= Virtual Office Website =

A Virtual Office Website (VOW) is a web site that is used to conduct business activities. One example is a VOW used as a real estate property search site allowing the public to conduct searches of approved multiple listing service properties in a given area under certain conditions. Also see Virtual company.

==Features==
The VOW allows the public to:
1. provide contact information
2. agree to become a bona fide customer / client
3. get a password protected private account
4. describe property interest(s)
5. and then conduct searches of all available multiple listing service properties in a certain area.

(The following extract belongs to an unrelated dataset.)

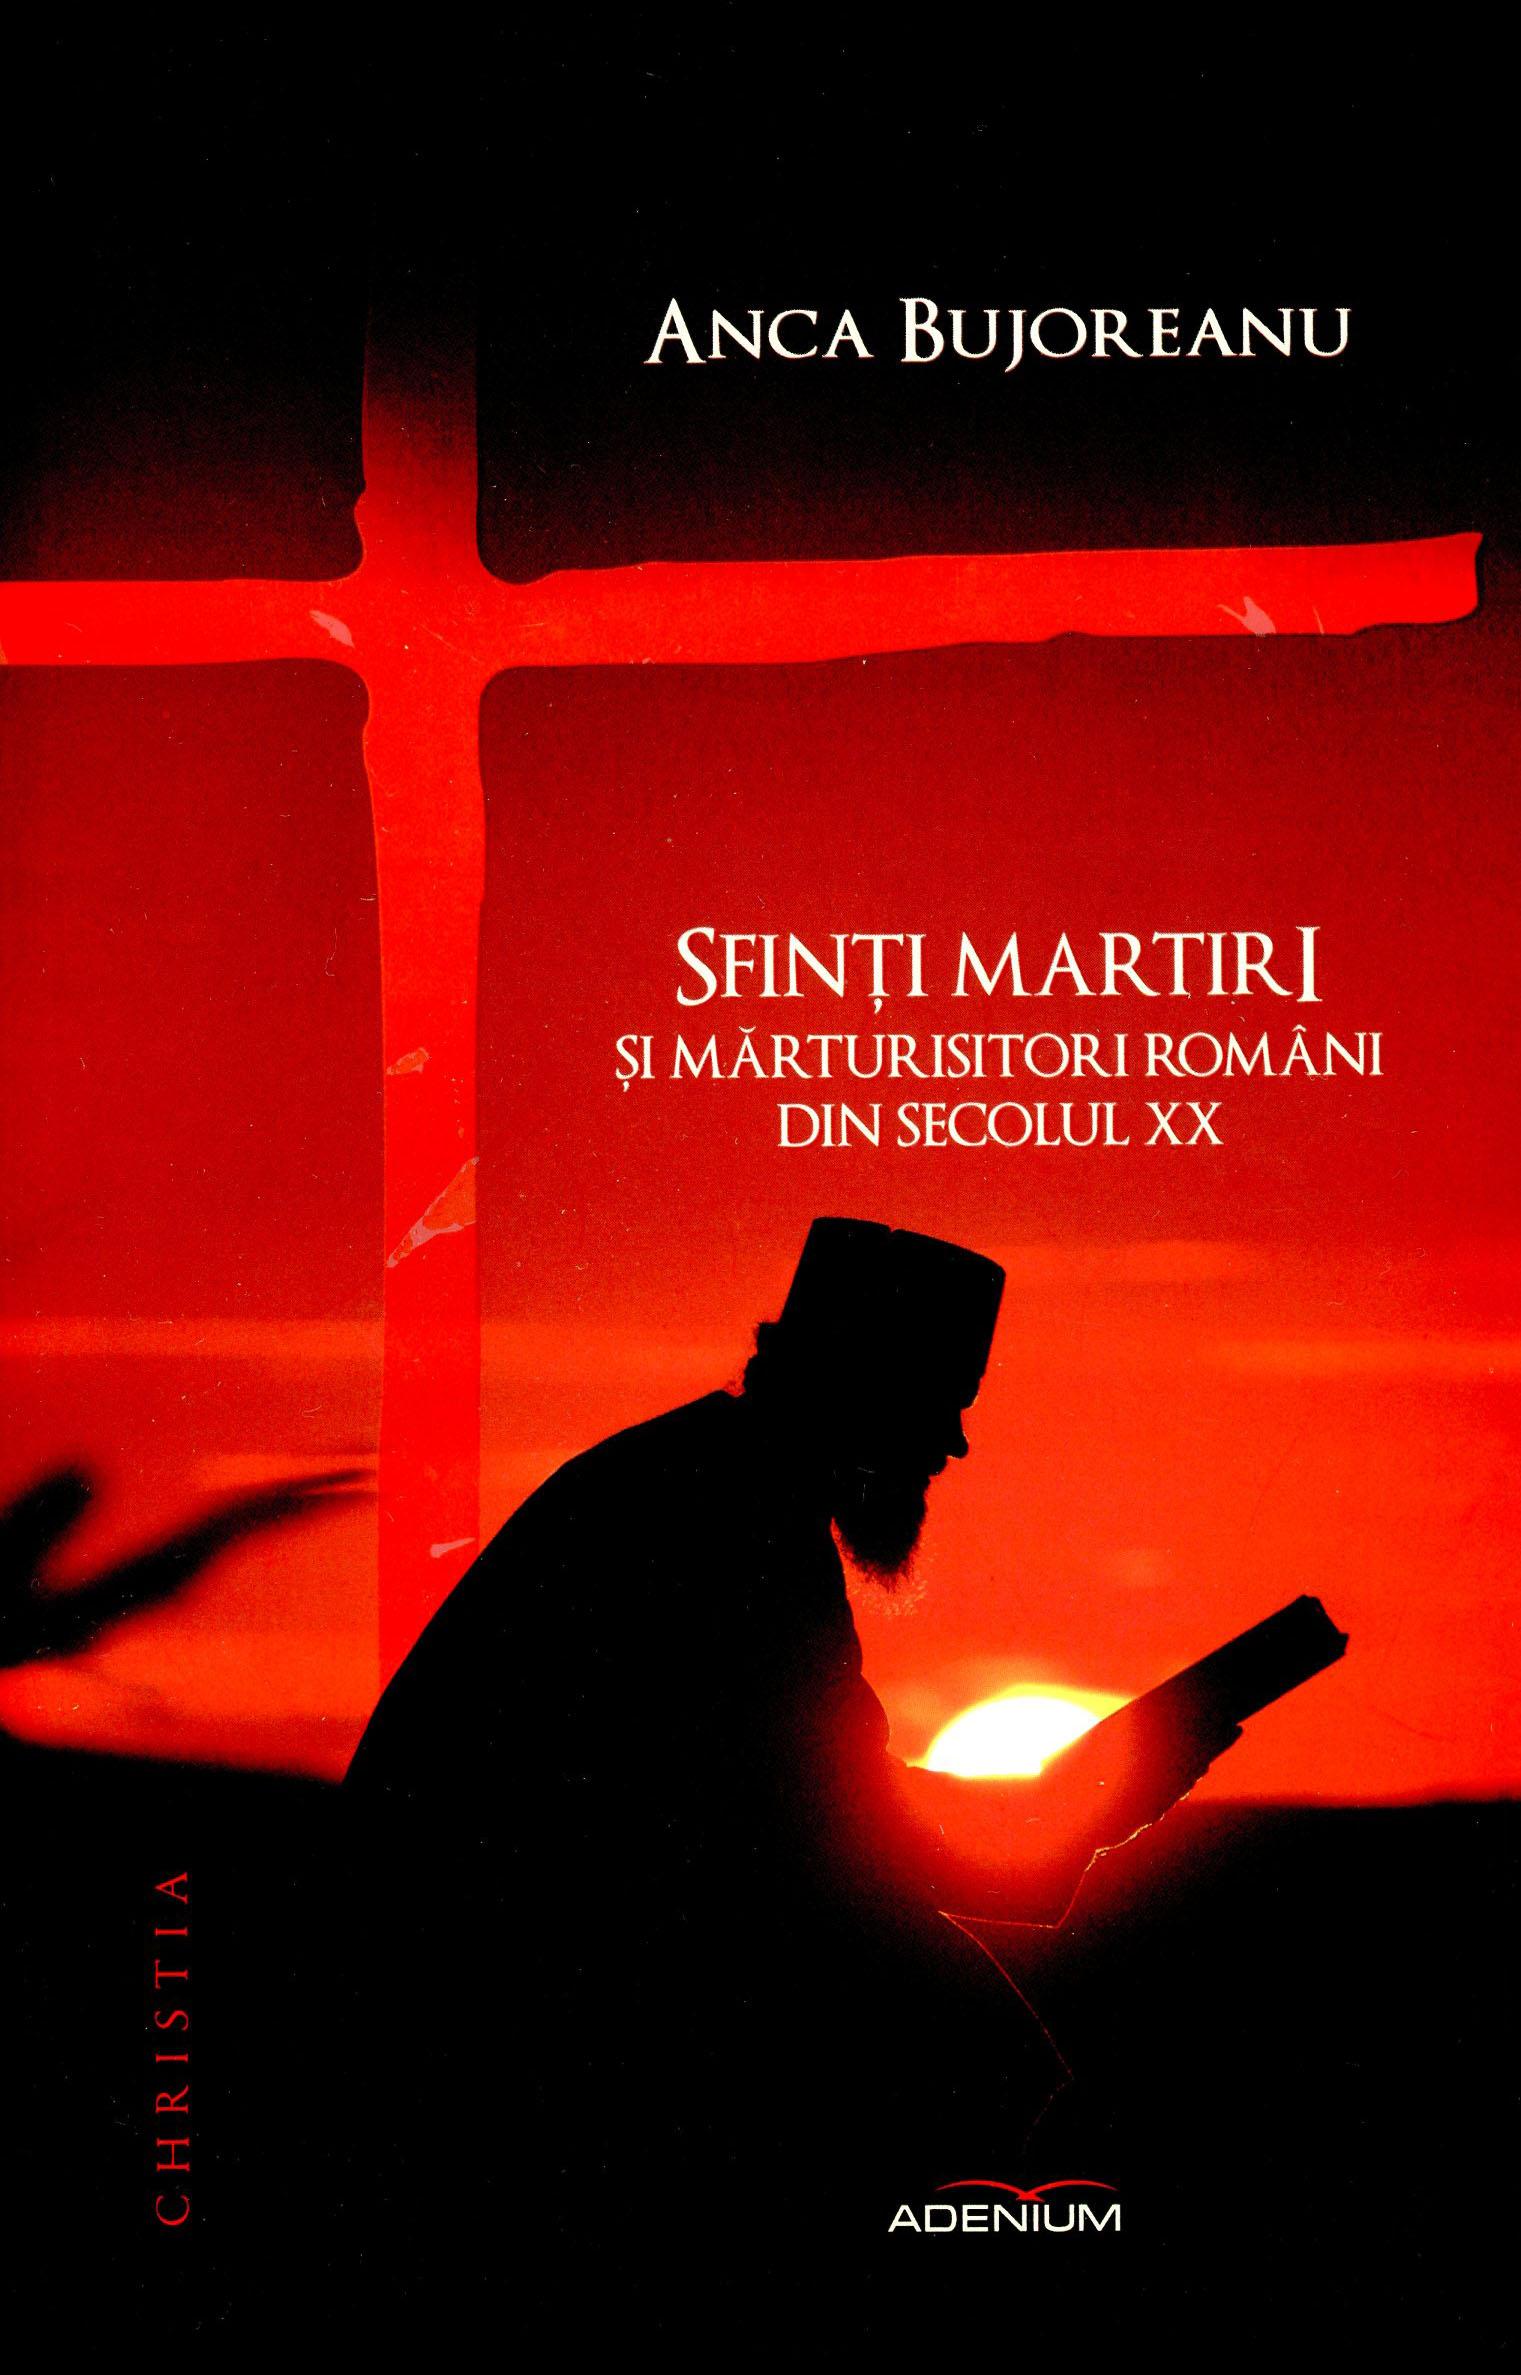 Anca Bujoreanu - Sfinţi martiri şi mărturisitori români din secolul XX

Site users have to provide personal information before they can actually look at the listings. Also, realtors who use VOW can choose to "opt out" from the local multiple listing service, which means that these realtors' properties will only be displayed to people who have signed in with the VOW.

The benefit to realtors is that registered users of their VOW web site become customers under contract. Registered users gain the benefit of more detailed information about each property and can generally see all available properties.

==Regulation==
Certain rules apply to the real estate companies ability to display each detail about a property, these "display rules" are set by the multiple listing service which generally forms policy around the recommendations of the National Association of Realtors.

The U.S. Department of Justice filed an antitrust lawsuit against the National Association of Realtors in September 2005 over the VOW policy, which they deemed as anti-competitive.

As of early 2006, the VOW policy has been replaced by a new Internet Listing Display policy created by the National Association of Realtors.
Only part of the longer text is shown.